## Problem to solve
Return only the lines of the data below from the line with "- Illustration ..." up to and including the line with "JanSport City Sling", exactly as written, with the pictures omitted.

## Provided material
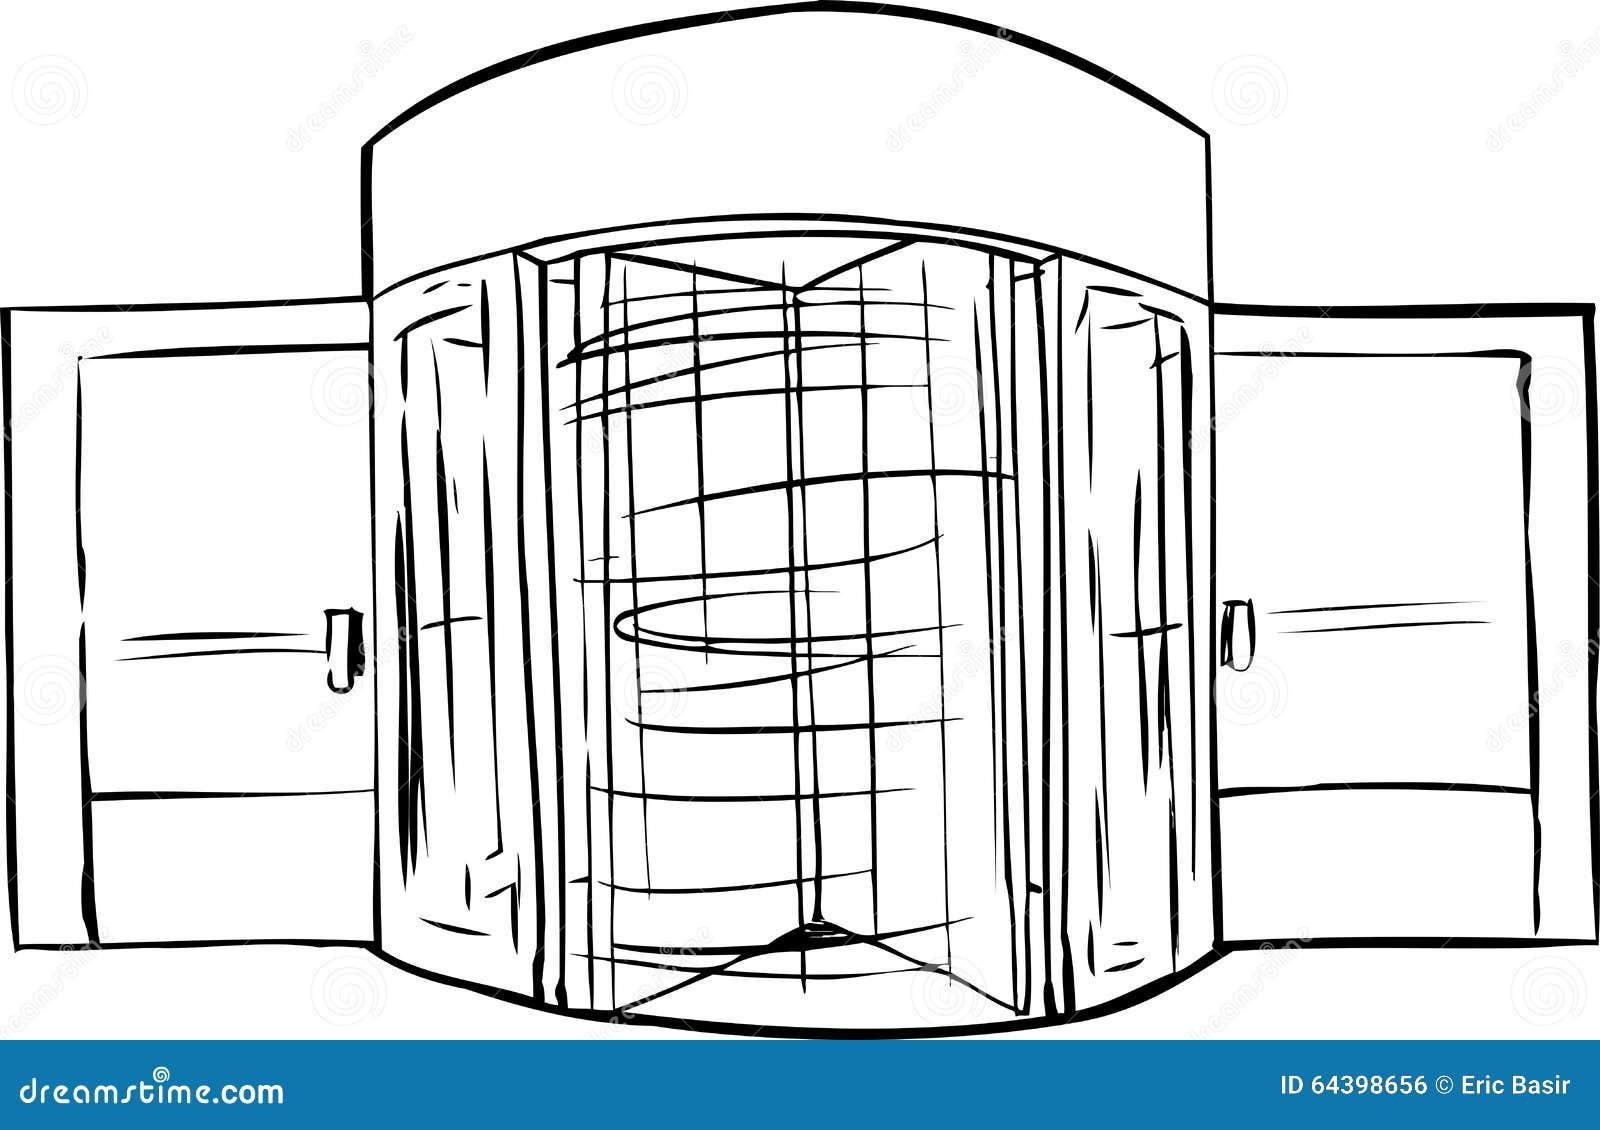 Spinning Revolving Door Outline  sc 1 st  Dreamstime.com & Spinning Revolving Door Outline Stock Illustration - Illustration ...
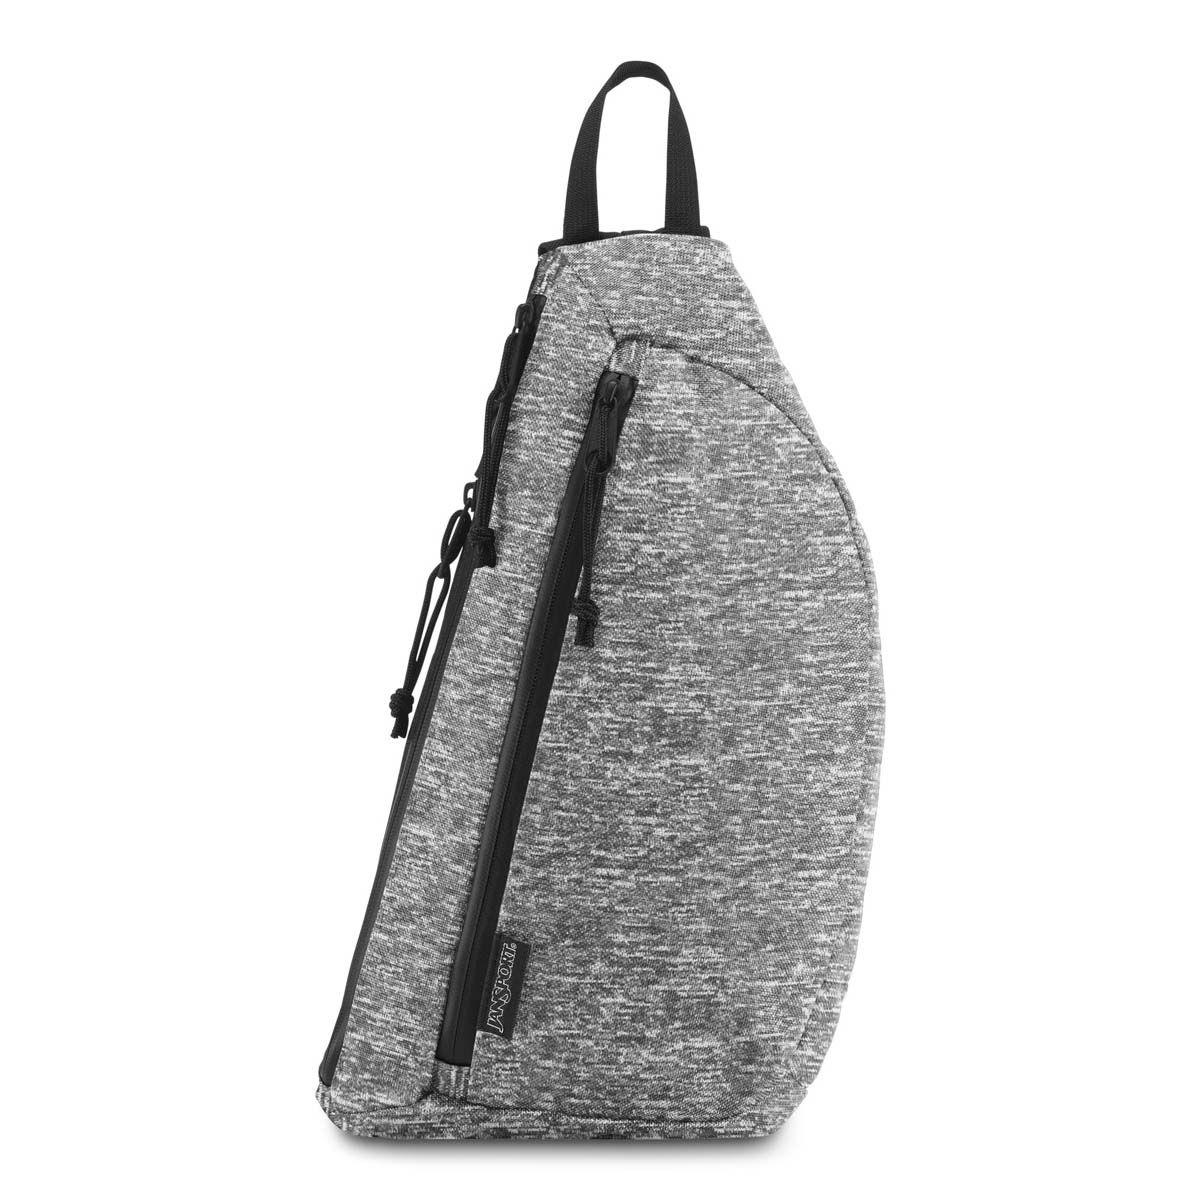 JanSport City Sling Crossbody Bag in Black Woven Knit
...
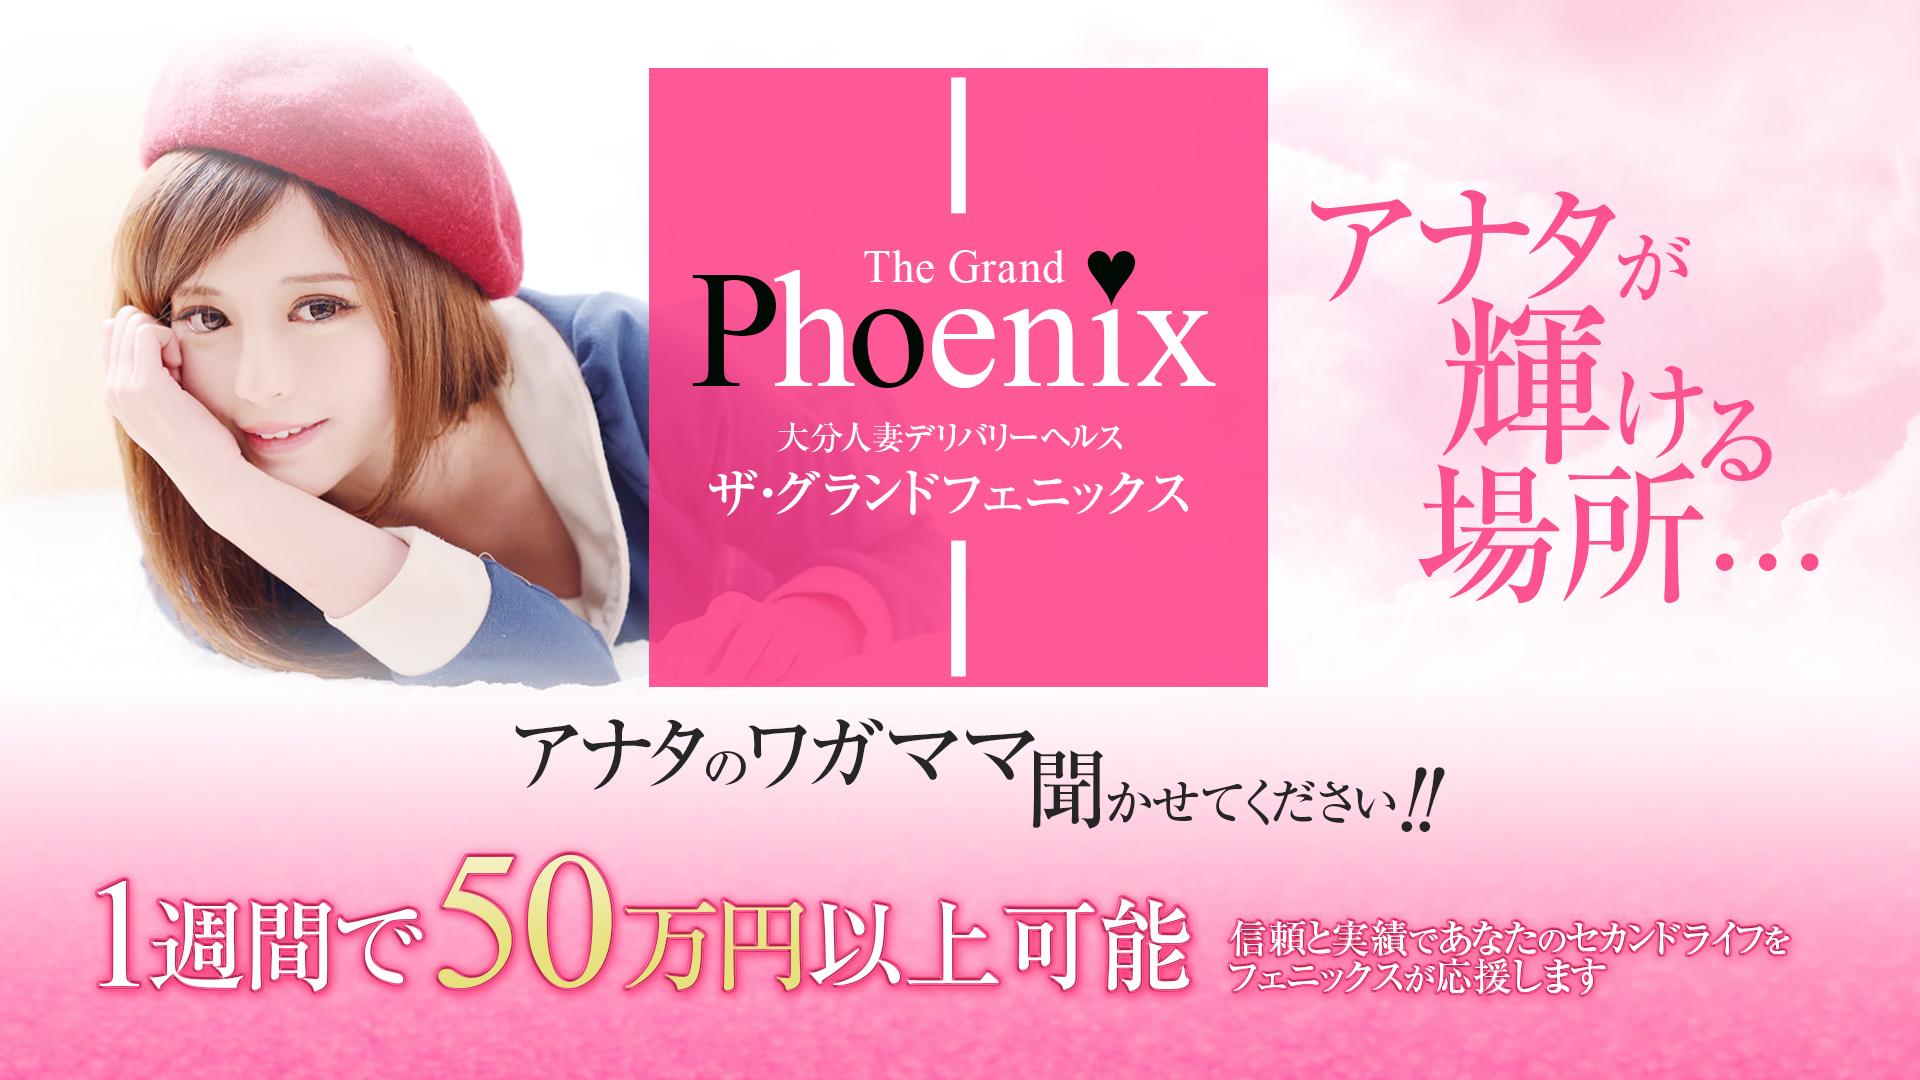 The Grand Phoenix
==
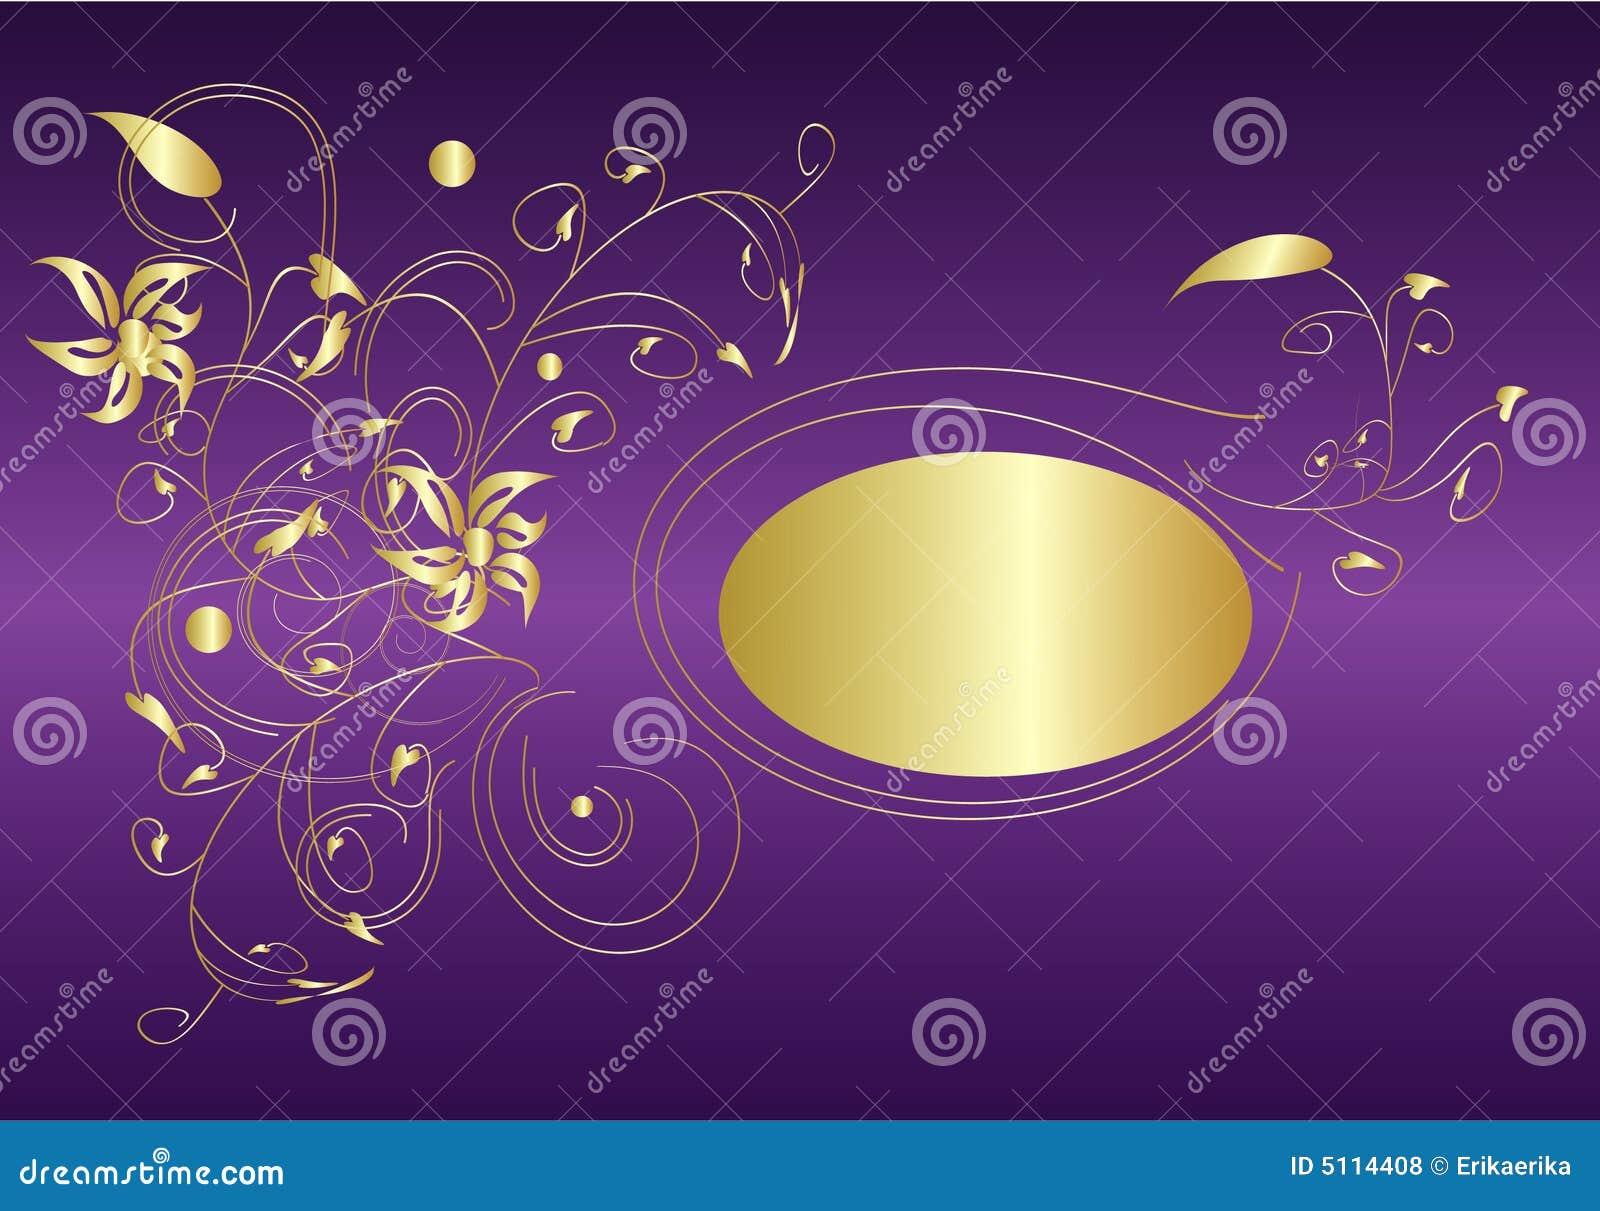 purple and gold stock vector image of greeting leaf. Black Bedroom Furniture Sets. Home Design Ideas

## Solution
 Spinning Revolving Door Outline  sc 1 st  Dreamstime.com & Spinning Revolving Door Outline Stock Illustration - Illustration ...
 JanSport City Sling Crossbody Bag in Black Woven Knit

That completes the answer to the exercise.